The standard tool is the arc-length reparametrisation. The arc-length function $s(t) = \int_0^t |\dot\gamma_1|_g \, d\mathcal{L}^1$ measures distance covered by time $t$. To invert it as a piecewise $C^1$ map, we need $s'(t) = |\dot\gamma_1(t)|_g > 0$ — otherwise $s$ may be flat on intervals and not invertible. So we restrict the construction to **regular paths** and recover the general case by approximation.
**Definition.** Let $\Omega^*(p, q) := \{\gamma \in \Omega(p, q) : |\dot\gamma(t)|_g > 0 \text{ at every } t \text{ where } \dot\gamma \text{ exists}\}$.
**Constant-speed reparametrisation on $\Omega^*$.** Fix $\gamma_1 \in \Omega^*(p, q)$ with $\ell := \ell(\gamma_1) > 0$. Define the arc-length $s : [0, T] \to [0, \ell]$ by $s(t) = \int_0^t |\dot\gamma_1(\tau)|_g \, d\mathcal{L}^1(\tau)$, and let $0 = t_0 < t_1 < \cdots < t_N = T$ be a partition adapted to the piecewise-$C^1$ structure of $\gamma_1$. On each piece $[t_{i-1}, t_i]$, $s$ is $C^1$ with $s'(t) = |\dot\gamma_1(t)|_g > 0$ by regularity, hence strictly increasing. Applying the inverse function theorem piecewise, the inverse $s^{-1} : [0, \ell] \to [0, T]$ is well-defined, continuous, strictly increasing, and piecewise $C^1$ with $(s^{-1})'(u) = 1/|\dot\gamma_1(s^{-1}(u))|_g$. Now the rescaling factor $\ell/T$ converts the natural parameter on $[0, \ell]$ into the prescribed parameter on $[0, T]$:
\begin{align*}
\tilde\gamma_1(t) := \gamma_1\!\left(s^{-1}\!\left(\tfrac{\ell}{T}\, t\right)\right).
\end{align*}
This is a composition of piecewise $C^1$ maps, hence itself piecewise $C^1$, and $\tilde\gamma_1(0) = \gamma_1(s^{-1}(0)) = \gamma_1(0) = p$, $\tilde\gamma_1(T) = \gamma_1(s^{-1}(\ell)) = \gamma_1(T) = q$. The chain rule gives $|\dot{\tilde\gamma}_1(t)|_g = |\dot\gamma_1(s^{-1}(\tfrac{\ell}{T} t))|_g \cdot \tfrac{\ell}{T} \cdot \tfrac{1}{|\dot\gamma_1(s^{-1}(\tfrac{\ell}{T} t))|_g} \equiv \ell/T$, constant. Hence $\ell(\tilde\gamma_1) = \int_0^T \ell/T \, d\mathcal{L}^1 = \ell$ and the equality case of Step 1 yields $E(\tilde\gamma_1) = \ell(\gamma_1)^2/(2T)$. (If $\gamma_1$ is constant, then $p = q$ and the identity $0 = 0$ is trivial.)
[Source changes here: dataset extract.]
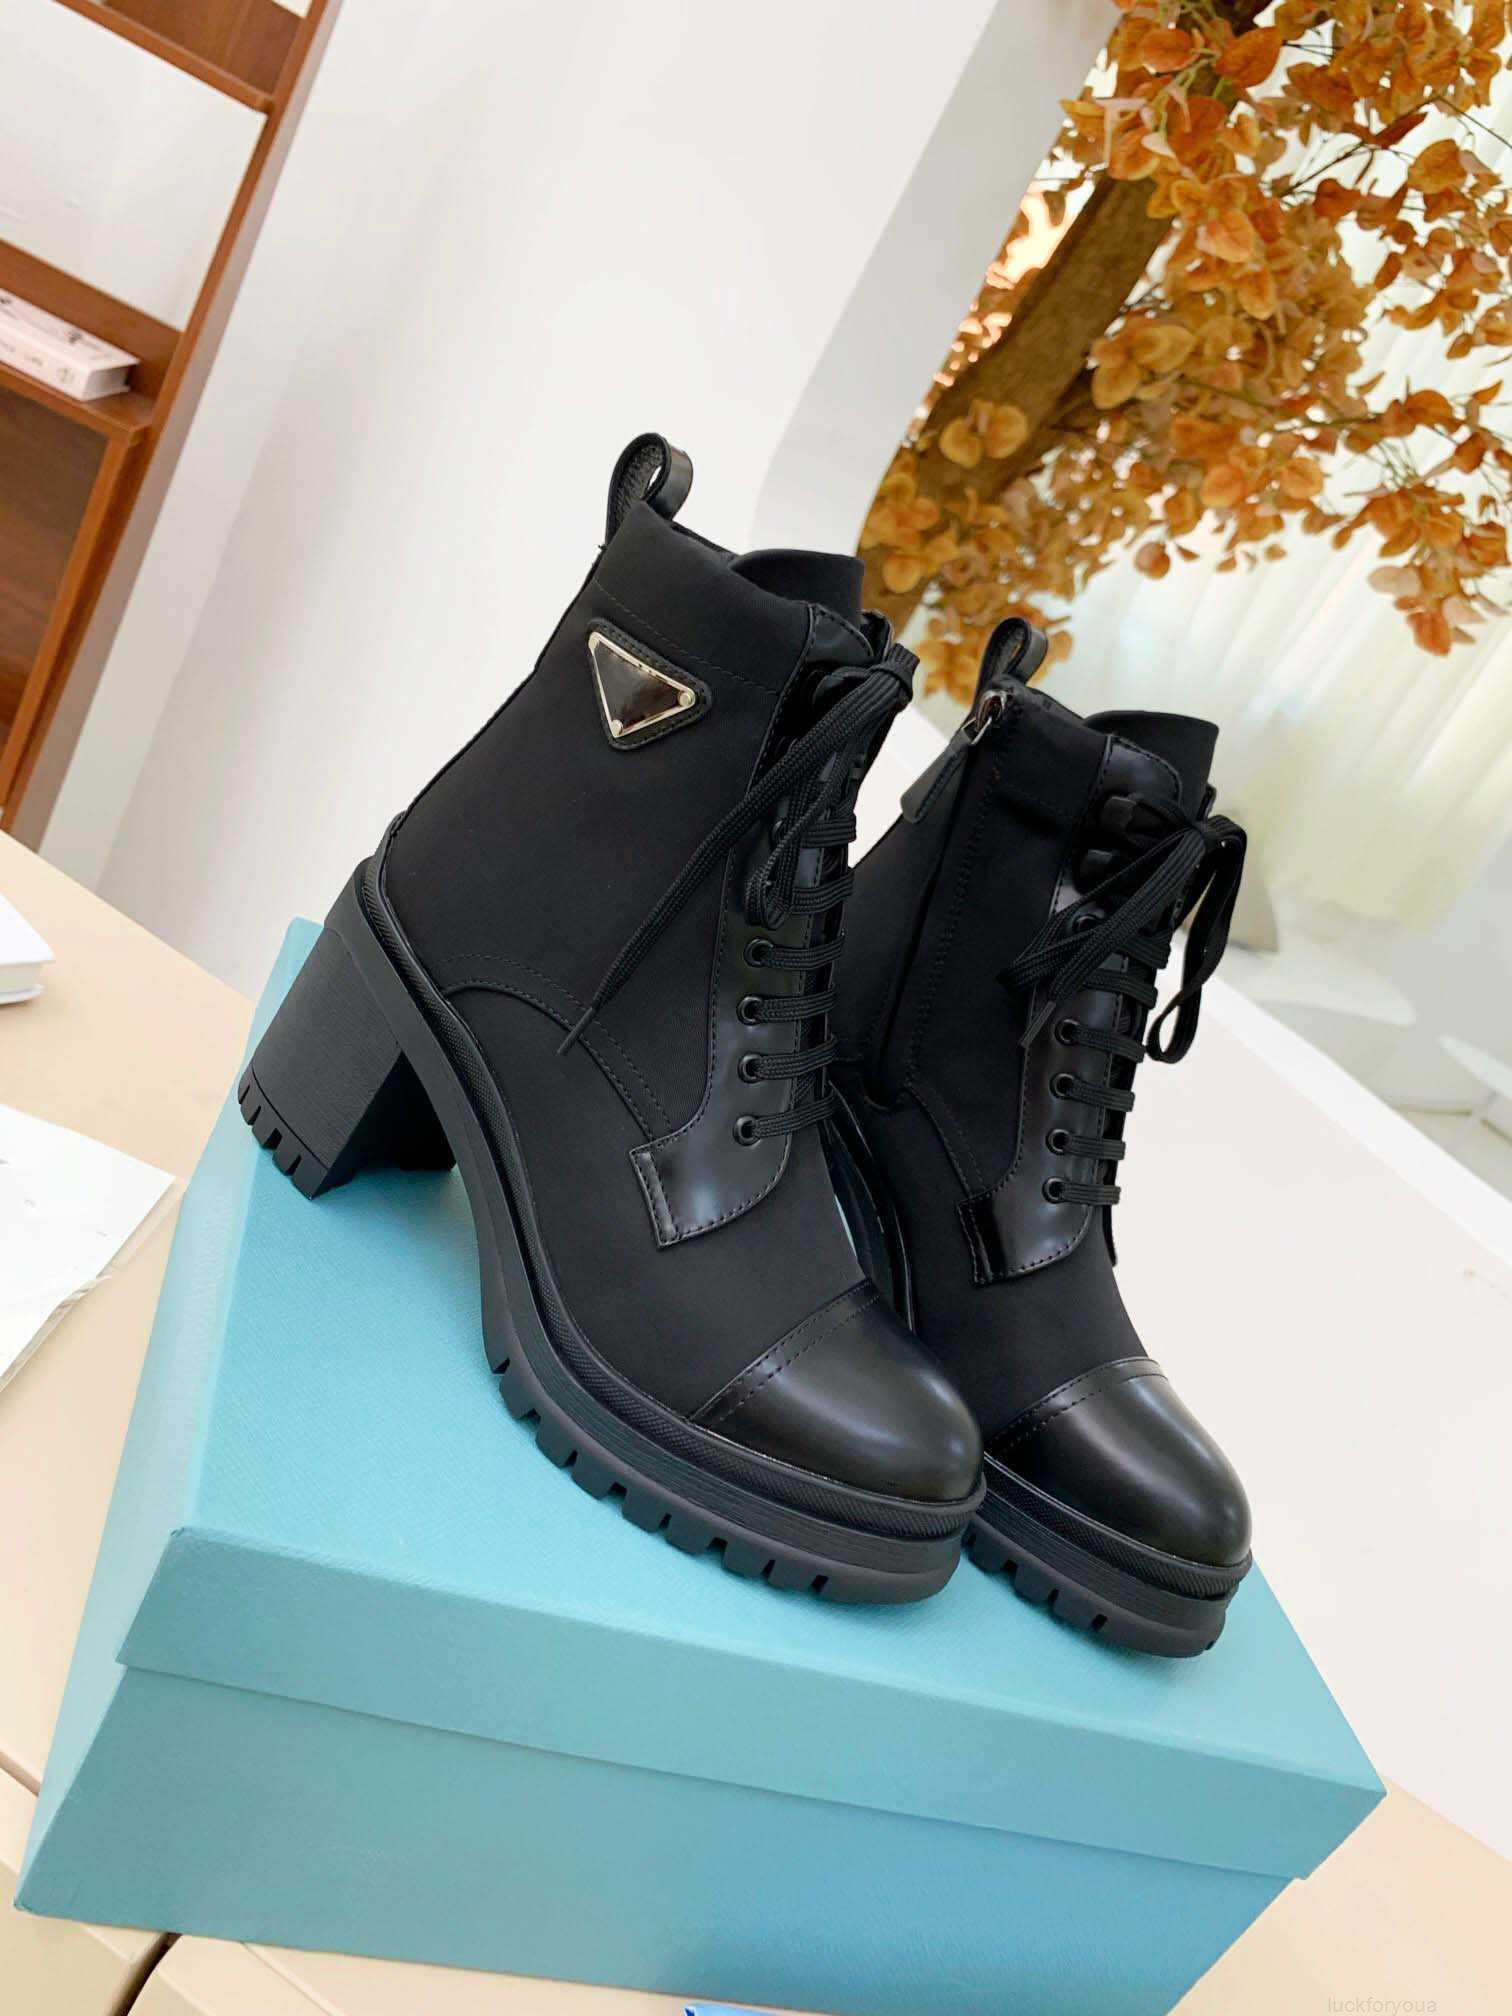 2023 Designer Leather And Nylon Ankle Boots Brushed Laced Boot Women Biker Australia Platform Heels Winter Outdoor Sneakers Size 35 -41

**Why a density argument?** The constant-speed reparametrisation is restricted to $\Omega^*$. To transfer the conclusion to all of $\Omega(p, q)$, we show that $\Omega^*$ is dense in $\Omega(p, q)$ in length — i.e., the infima agree:
\begin{align*}
\inf_{\gamma \in \Omega^*(p, q)} \ell(\gamma) = \inf_{\gamma \in \Omega(p, q)} \ell(\gamma) = d(p, q).
\end{align*}
The inequality $\inf_{\Omega^*} \ell \geq \inf_\Omega \ell$ is immediate since $\Omega^* \subseteq \Omega$. For the reverse, fix $\gamma_1 \in \Omega(p, q)$ and $\varepsilon > 0$; we must construct $\gamma_1^\varepsilon \in \Omega^*(p, q)$ with $\ell(\gamma_1^\varepsilon) \leq \ell(\gamma_1) + \varepsilon$.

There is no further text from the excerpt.